Nada es lo suficientemente importante o necesario para que, una vez concluido,
implique la destrucción total del planeta. Y si lo destruyera, de seguro que la gente
lograría olvidar eso también. La cultura humana se basó en el olvido, se construyó
exclusivamente para rescatar de ese pozo oscuro y profundo en el que nos hundimos
constantemente a nuestros mejores hombres, a los genios, a los verdaderos artistas, a los
maestros más grandes. Pero en algún punto ese orden se trastocó, y comenzamos a
salvar a todos los hombres; infinitas columnas comenzaron a surgir de ese pozo que es
al mismo tiempo el olvido y la desesperanza, y acabamos por olvidarlo todo.

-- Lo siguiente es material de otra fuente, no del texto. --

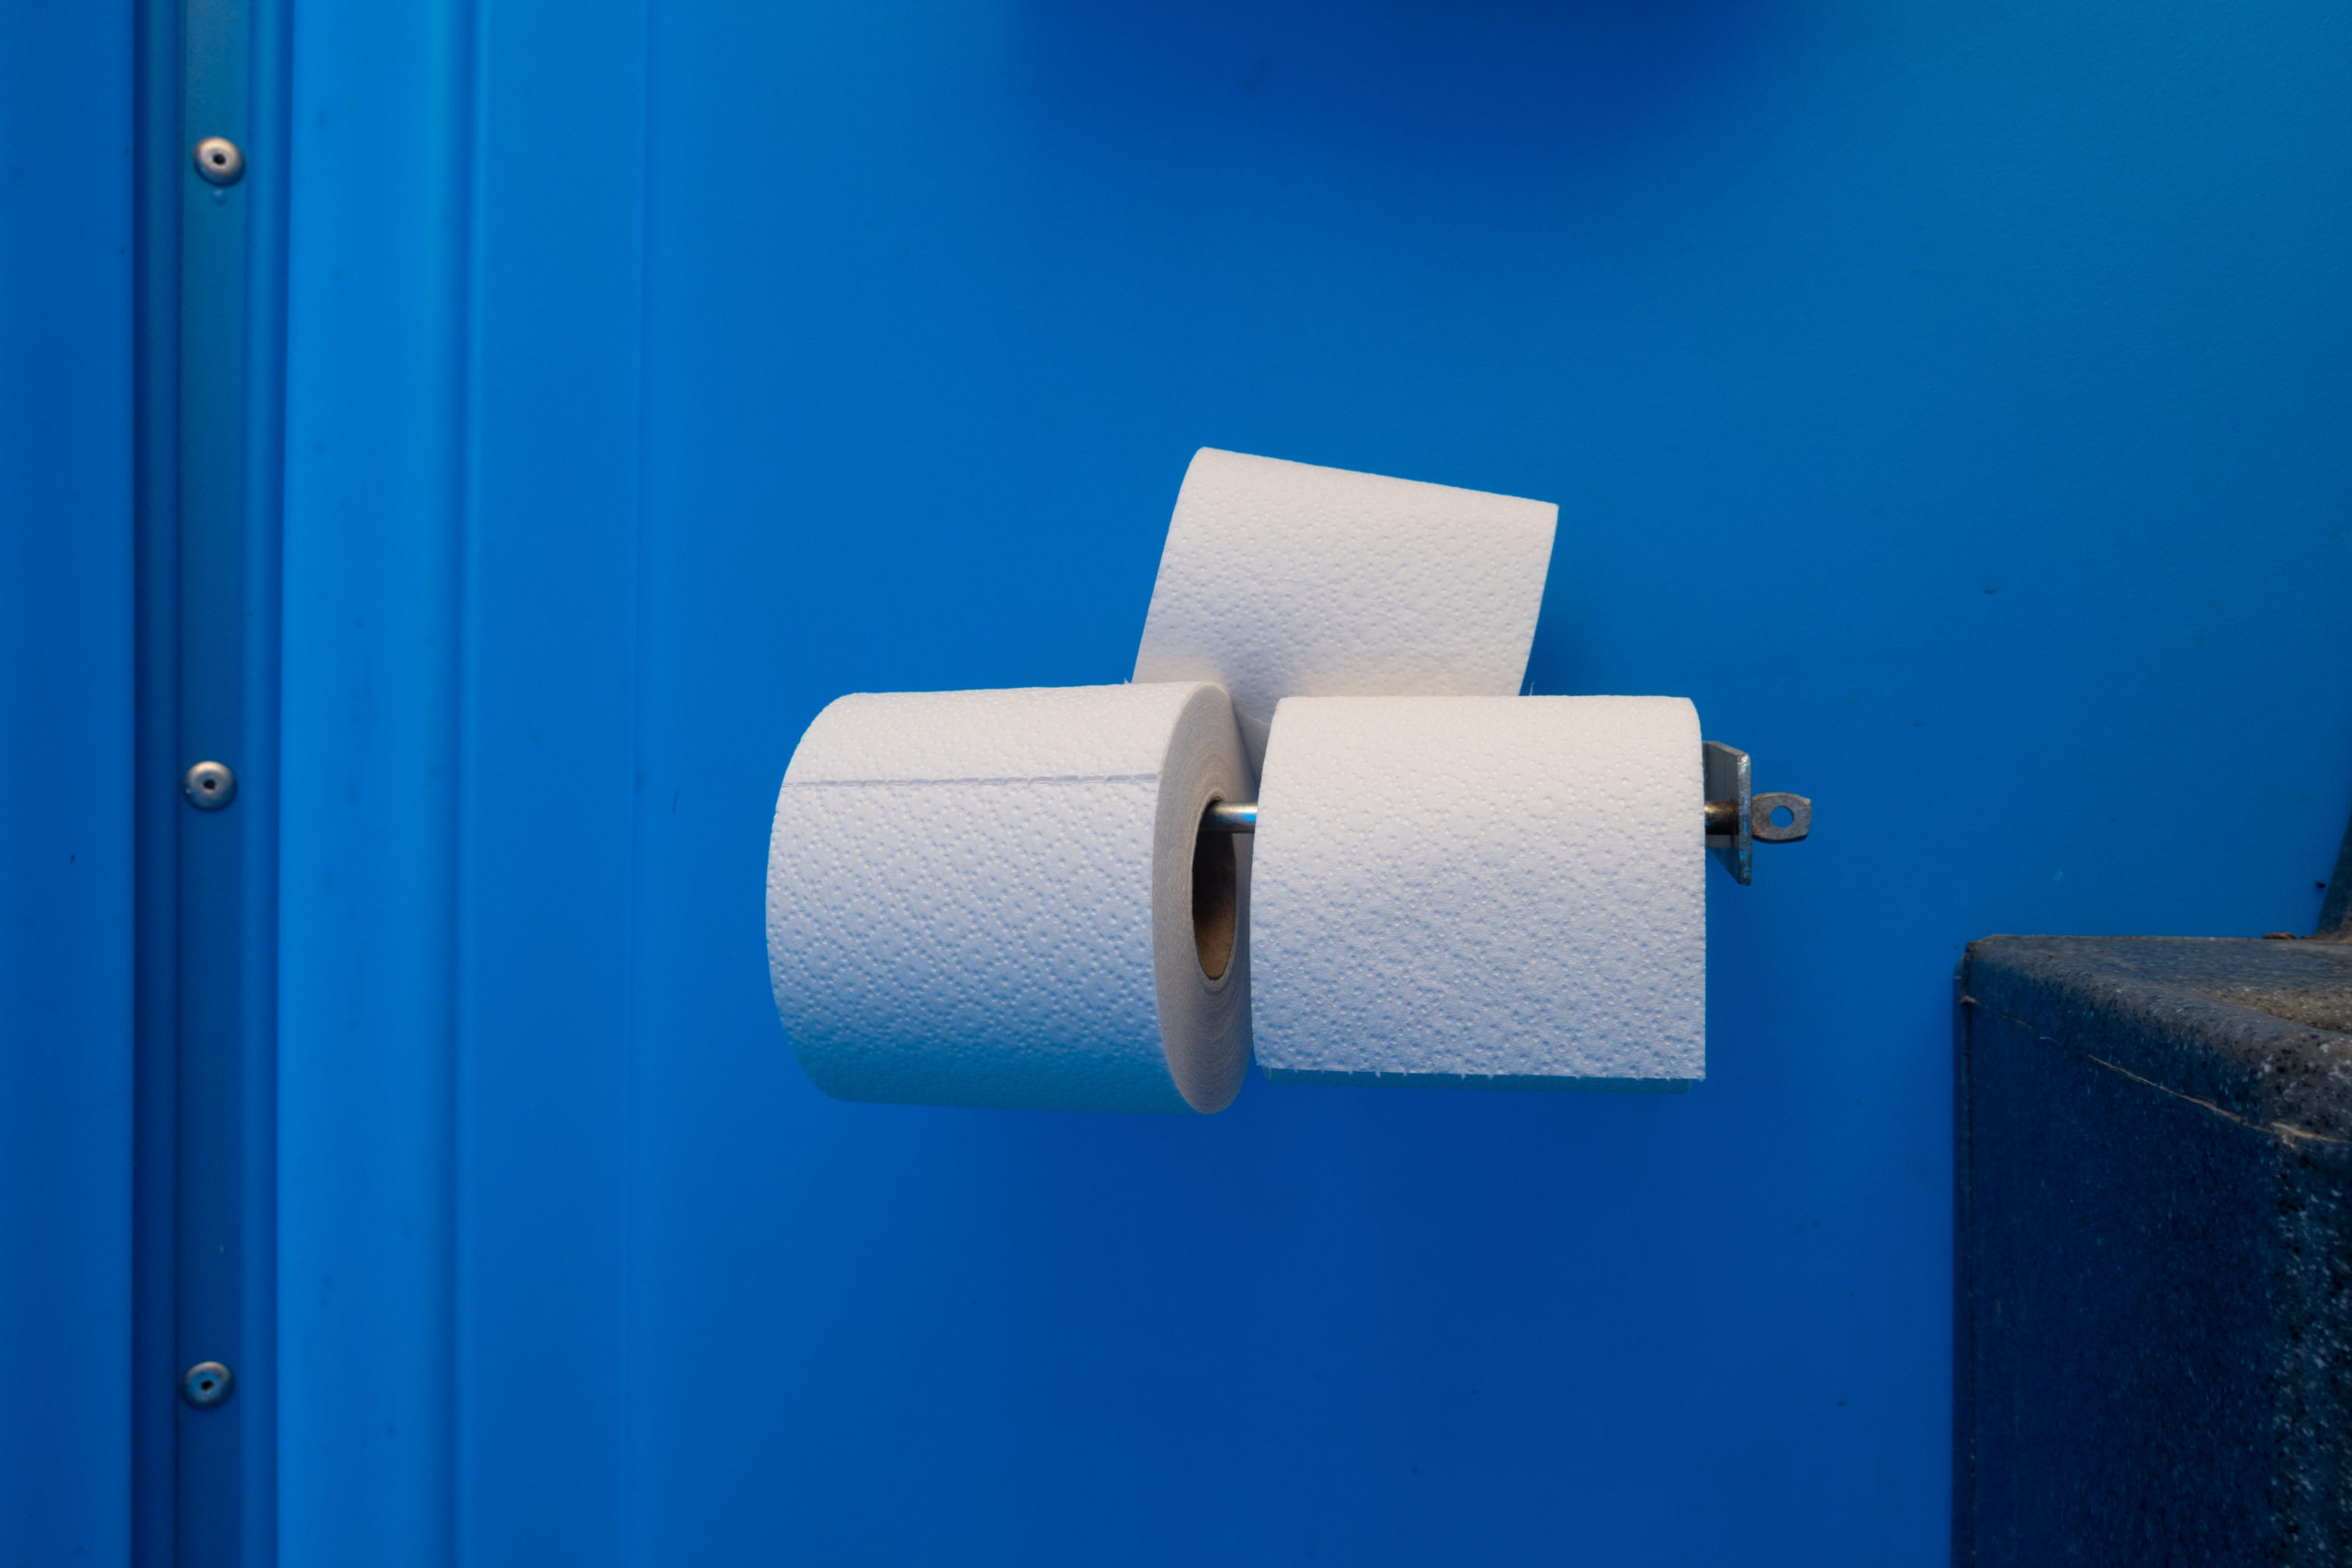 3 toilet paper rolls are located on a blue wall of a mobile toilet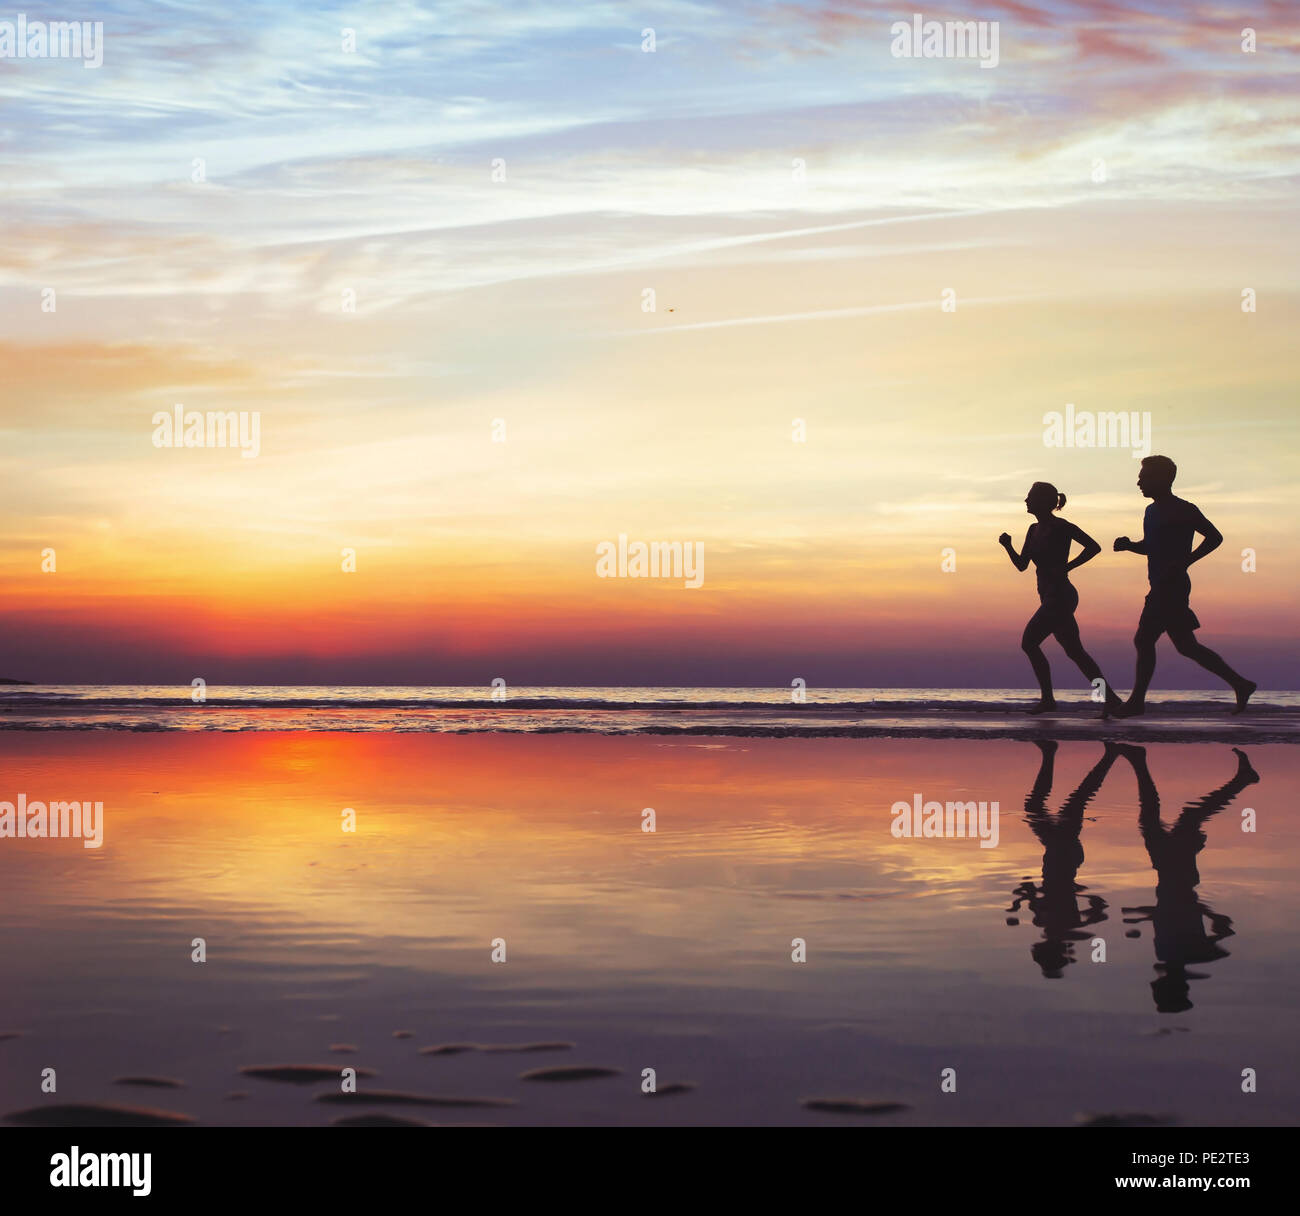 sport and health, two runners on the beach, silhouette of people jogging at sunset, man and woman healthy lifestyle Stock Photo

Arturo entendió entonces que todo es efímero. Esa revelación le llegó repentinamente,
mientras tenía su vista fijada en el hombro de Ulises, en ese agujero de su camisa que
dejaba ver su pálida piel, su piel blanca y seguramente enferma, su piel que algún día se
secaría y empalidecería aún más y que se resquebrajaría y que finalmente se
desintegraría hasta no quedar más que un polvo uniforme y grisáceo. Arturo apartó sus
ojos del hombro de Ulises para apartar esos pensamientos fatalistas de su mente.
Entonces miró a los otros parroquianos, esos tristes hombres solitarios, y sintió que la
vida no era realmente cruel con ellos. Sintió que, cuando la vida los hacía sufrir, a ésta,
en el fondo, no le importaba, no le molestaba. Supo que la vida, en el fondo, disfrutaba
dándoles a esos seres oscuros unas existencias intrascendentes. Y si la vida se
regocijaba al quitarle cualquier rastro de sentido a sus horribles días, lo hacía porque,
en lo más profundo de sus corazones, a esos hombres inmundos, a esos seres
deprimentes, a los seres humanos, no les importaba nada.